Adventures in Cultural Consumption:
The Hunger Games: Somewhere, Michel Foucault is saying "I told you so!"
Went to see the movie this weekend, and had what can fairly be described as an "intensely negative" reaction to it. Call me old-fashioned, but watching a bunch of kids get killed is not my idea of a good cinematic experience.
What interested me the most was that it was a pretty clear example of a type that's been of concern to me for awhile, the movie that attempts to decry the violence that drives the narrative and provides the spectacle. I've previously noted this phenomenon in
The Dark Knight and
No Country for Old Men, both films whose most important characters are also the worst, and whose violence is both the central part of their appeal and the thing which is formally, if ambiguously, condemned at the end.
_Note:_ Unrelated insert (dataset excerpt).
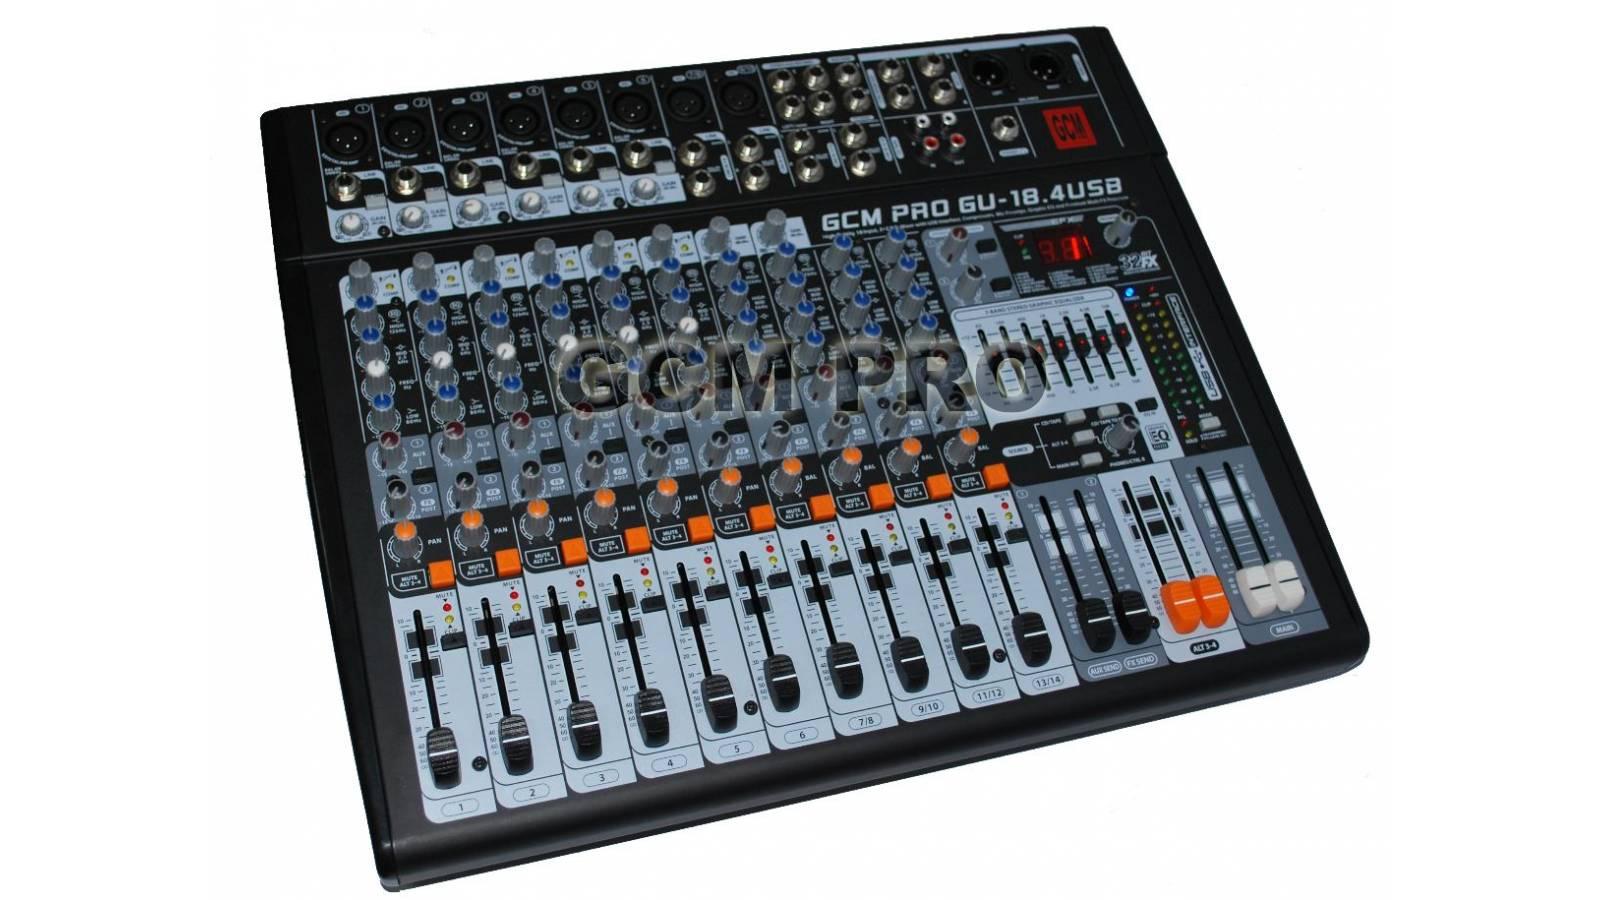 Consola 14 Canales Con Usb Gu18.4 Gcm Pro

There's an undeniable fascination in watching a crazy person at work, and this is no doubt part of it, but the glory of violence is too central to the plot of both.
The Hunger Games seems problematic in a worse way: I'm not sure how one watches that movie and develops the necessary attachment to Katniss without having the same reaction as the fictional characters in the movie's world. To want Katniss to win is to want the others to die: some of those deaths will be sad and played up for the narrative quality of their sadness, and some of them will be deserved and so, when the bad kid (kid, not 'guy') gets eaten by dogs, that's a deserved comeuppance rather than a tragic end.
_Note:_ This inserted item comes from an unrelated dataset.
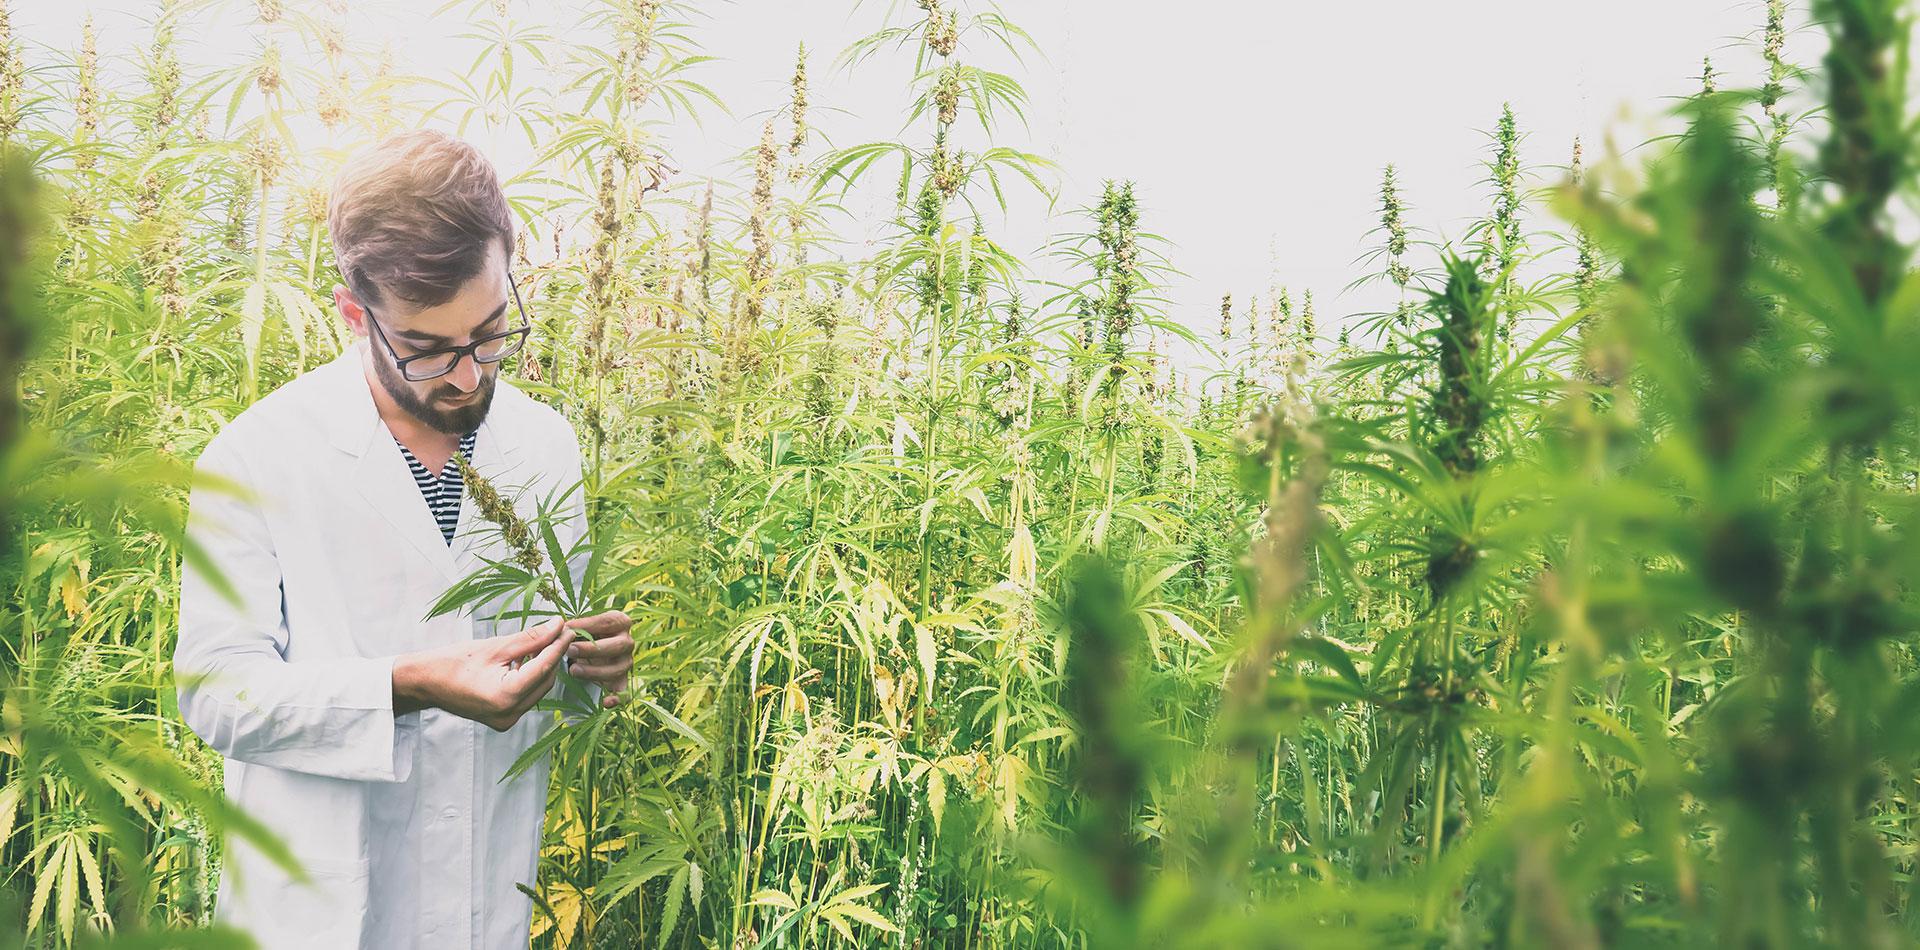 Scientist - Marijuana

Now, I'm clear that the Games themselves are supposed to stand in analogically for something, which, in the descriptions I've read, is usually something like our own interest in the spectacle of reality television, taken to an extreme end. (I'm leaving aside the politics for the moment). So we're supposed to recognize the cruelty and lack of humanity within the Games themselves; the tragedy comes from those who are forced to play it. And so we're supposed to think the Games are bad, and be glad that Katniss emerges relatively uncorrupted from the whole process.
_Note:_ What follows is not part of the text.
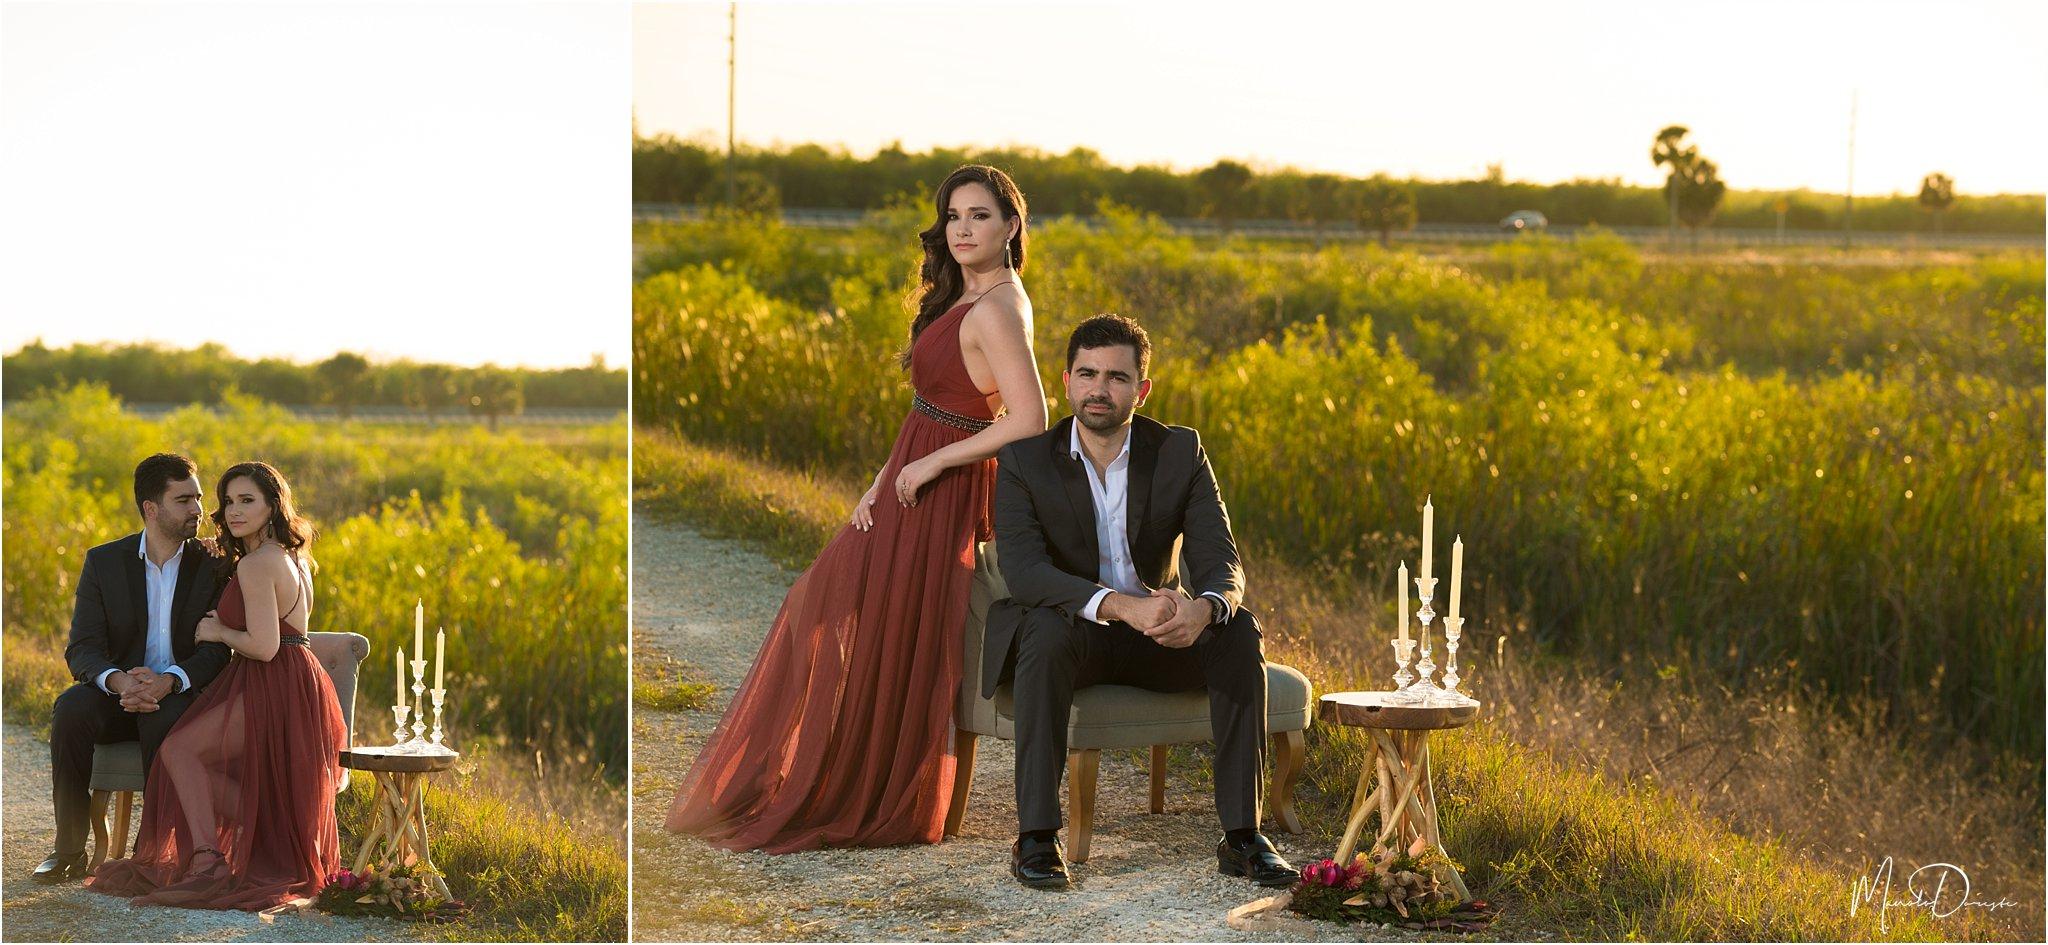 00820_ManoloDoreste_InFocusStudios_Wedding_Family_Photography_Miami_MiamiPhotographer.jpg

But it also seems like the movie is forced to re-inscribe all the human reactions the Games are there to critique: the whole thing only works by developing rooting interests, etc. Without accepting the narrative, constructed no less than the various storylines of the Games, that Katniss is good and so should survive, the narrative frisson is gone. And if it's gone, there's nothing left of the movie. I don't intend this to be a critique of movie violence per se, though it seems important that in, say,
Die Hard all of Bruce Willis' violence is as a reaction to violence first done to others, nor do I mean it to be a critique of violent movies with political messages:
Night of the Living Dead or
Dawn of the Dead are both good examples of violent movies with political themes that avoid this problem: you can appreciate the analogies being drawn and the context of a zombie movie in which to draw those analogies, or you can simply enjoy them as zombie movies. If you strip the level of critique out of
The Hunger Games, all that's left is a pretty horrifying plot.
And it's the second level that I'm not sure exists in the movie itself: the argument of the thing would be strengthened if the viewer was supposed to recognize in their own reactions as perverse and the sort of thing that would make the fictional world possible. But I'm not sure that's the intended reaction, and I'm much more sure it's not the reaction of at least the people I saw the movie with. Which, it seems, leaves one in the awkward position of just having rooted for children to die.
But, as the girlfriend pointed out, I haven't read the book, so there's a definite upward limit on my knowledge of the story. Does the book handle the problem of spectacle and the reader's reaction in a way that anticipates or responds to some of this?